Patients, Sample Collection, Radiotherapy, Ethical Approval

Eight head-and-neck cancer patients (all male, average age 59 ± 6.8 years, Table 1) with indicated local radiotherapy (partial-body irradiation, PBI) and without previous (or concomitant) radio- as well as chemotherapy were sequentially enrolled for blood collection over five weeks. Clinical follow-ups have been carried out for more than three months, depending on the clinical course. All patients underwent treatment with a comparable scheme of radiotherapy, allowing comparability due to the corresponding irradiation field size and dose rate. The prescribed dose was between 50 and 70 Gy and applied within 25 to 33 fractions over 35 to 45 days. Using LINAC with a dose rate of 300 MU/min (Varian Medical Systems Inc., Palo Alto, CA) and the treatment planning system Eclipse (Varian Medical Systems), the single dose per fraction was 2.0 or 2.121 Gy (Table 1). The average whole-body dose absorbed by blood per fraction was 0.08 Gy. No shielding was used during irradiation (28).

TABLE 1

Overview of the Included Samples, Demographic and Epidemiologic Characteristics of the Patients (Age, Sex, Morbidity) as well as Radiotherapy (RT) Regimen Analyses and Recorded Radiotoxicity Grades According to RTOG/EORTC Late Radiation Morbidity Criteria: Acute (Grade 1–2) and Late (Grade 1–3) Toxicity as well as Late Toxicity Location

Treatment-related radiation toxicity was recorded for each patient (Table 1). Acute toxicity grading was performed according to the worst grade of symptoms recorded during treatment or up to three months after the end of the radiotherapy using the CTCAE v4.0 (29). Late toxicity grades were classified as the worst grade of symptoms that persisted more than three months after the end of the radiotherapy scheme using the RTOG grading system (30). Patients P1 and P2 died due to the rapid progression of cancer and not due to radiation toxicity. Patients with oral mucositis or xerostomia received improved mouthwash, artificial saliva and/or Cevimeline (hydrochloride) for stimulating secretion by the salivary glands and treating symptoms of dry mouth.

Twenty-four peripheral whole blood samples (2.5 ml each) were obtained via venipuncture using the PAXgene Blood RNA system (BD Diagnostics, PreAnalytiX GmbH, Hombrechtikon, Switzerland). In parallel, 24 whole saliva samples were collected using ORAgene^®RNA (catalog number: RE-100) vial collection kits from DNA Genotek used according to the manufacturer's instructions (DNA Genotek Inc., Kanata, Ontario, Canada). The kit is an all-in-one system for unstimulated sampling (e.g., no saliva secretion stimulation with sugar or drugs), stabilization, and transportation of RNA from whole saliva. From all donors, blood and whole saliva were sampled before the first radiation treatment, which served as a control sample prior to the irradiation (reference), and ideally after 24 h, 48 h, and 5 weeks, i.e., after 1st, 2nd, and 25th radiotherapy fraction (Table 1). No specific oral hygiene, eating, drinking, or smoking habits were followed. Saliva and blood samples were stored at room temperature overnight and placed in a freezer (–20°C) for storage. All samples and data were obtained with informed consent from the donors, processed anonymously without exception, and only used for this specific purpose. Sampling was carried out in accordance with the institutional guidelines and regulations. Informed consent was obtained from each individual, and the local Ethical Committee of the University Hospital in Hradec Kralove (Czech Republic) approved experimentation with human subjects according to The Code of Ethics of the World Medical Association – Declaration of Helsinki (approval no: 201401-S15P). All data were handled according to the European General Data Protection Regulation.

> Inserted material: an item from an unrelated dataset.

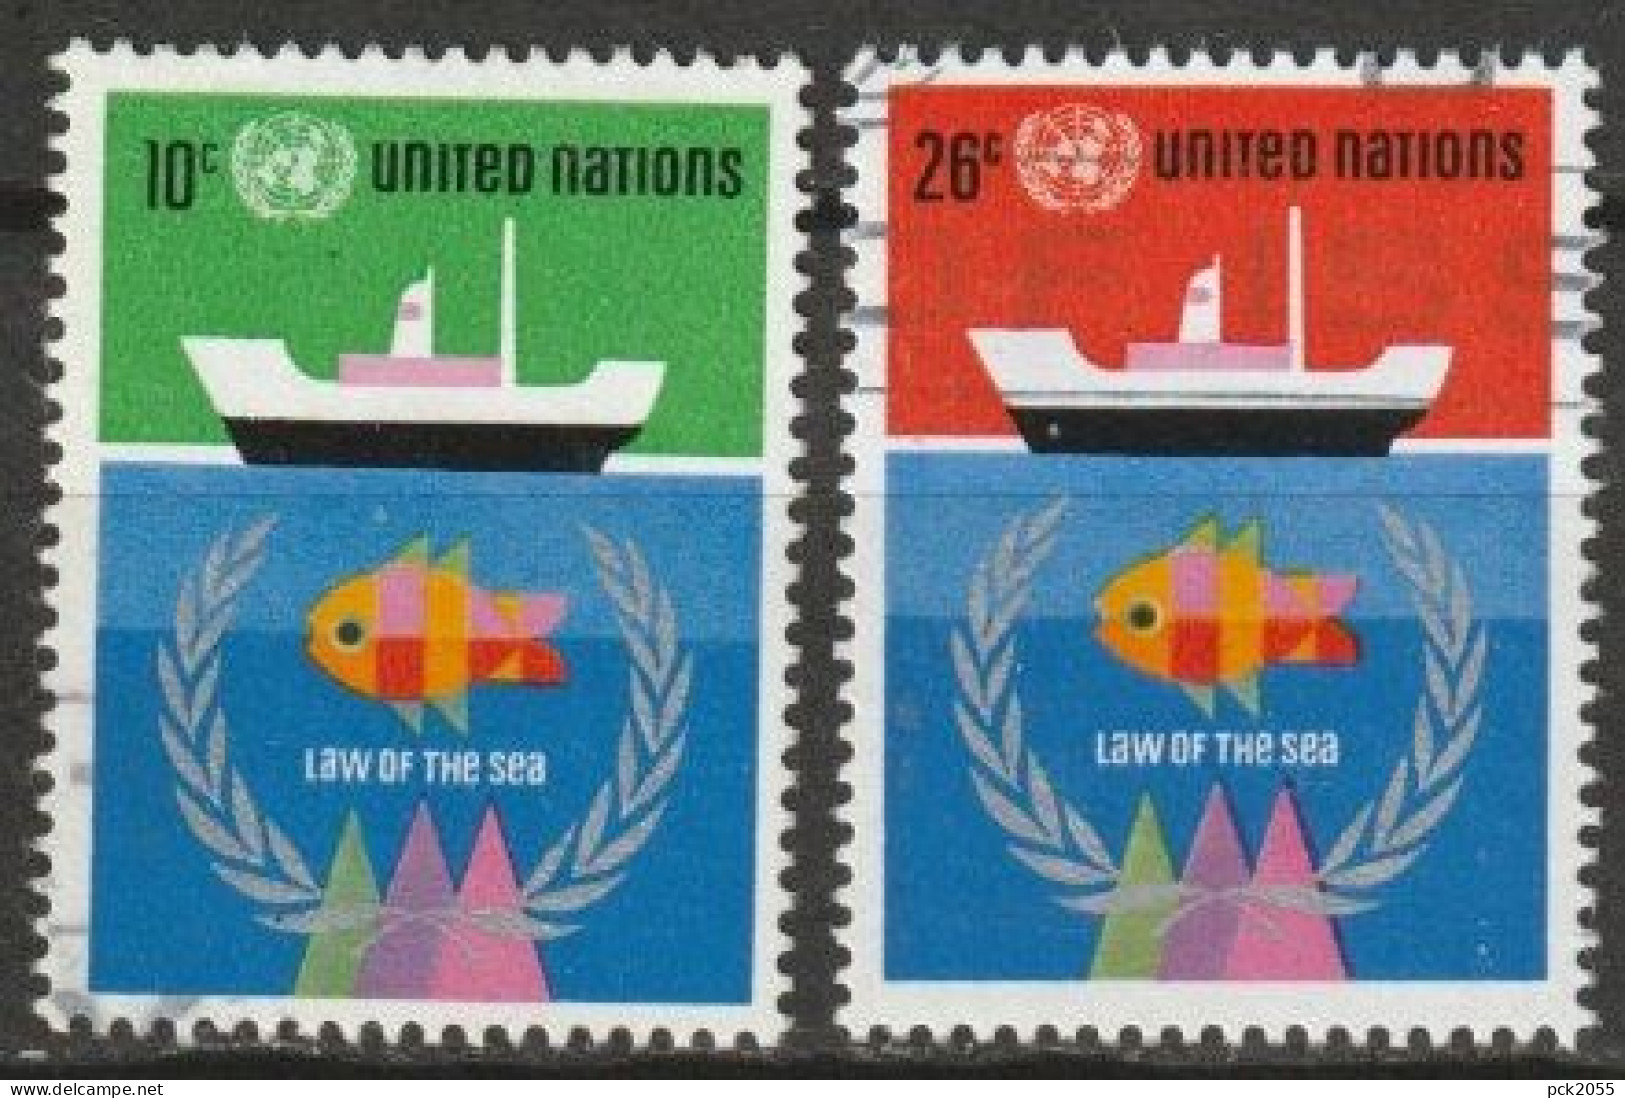 UNO New York 1974 MiNr.277 - 278 O Gestempelt Seerechtskonferenz Der UNO ( 4749 )günstige Versandkosten - Usati

RNA Extraction and Quality/Quantity Control

Total RNA, comprising a mixture of human and bacterial RNA, was isolated from whole saliva samples following a combination of the ORAgene^® RNA purification protocol (31) and the mirVana^™ kit protocol (Invitrogen^™, ThermoFisher Scientific, Carlsbad, CA 92008; USA/Life Technologies, Darmstadt, Germany) as described in detail elsewhere (24). In brief, the samples were heated at 50°C (1 h), three aliquots (of 1,000 µl) were generated, incubated at 90°C (15 min), cooled to room temperature, 40 µl ORAgene^® neutralizer solution (1/25 of total volume) was added, incubated on ice, centrifuged at 13,000 g (3 min) and the cell-free clear supernatant was collected for further processing. We then continued processing using the mirVana^™ kit protocol (32) by adding the Lysis/Binding Solution. The mirVana^™ kit isolated total RNA, including human and bacterial RNA species, by combining a Phenol-Chloroform RNA precipitation with further processing using silica membranes. After several washing procedures to purify RNA from other residual debris, DNA residuals were digested on the membrane (RNAse-free DNAse Set, Qiagen, Hilden, Germany). RNA was eluted with 100 µl RNAse free water in a collection tube, and the aliquots were pooled for each sample. To increase the input RNA amount for downstream gene expression analysis, sample volumes were reduced by evaporating at 45°C for 90 min, followed by re-elution with 30 µl of RNase-free water.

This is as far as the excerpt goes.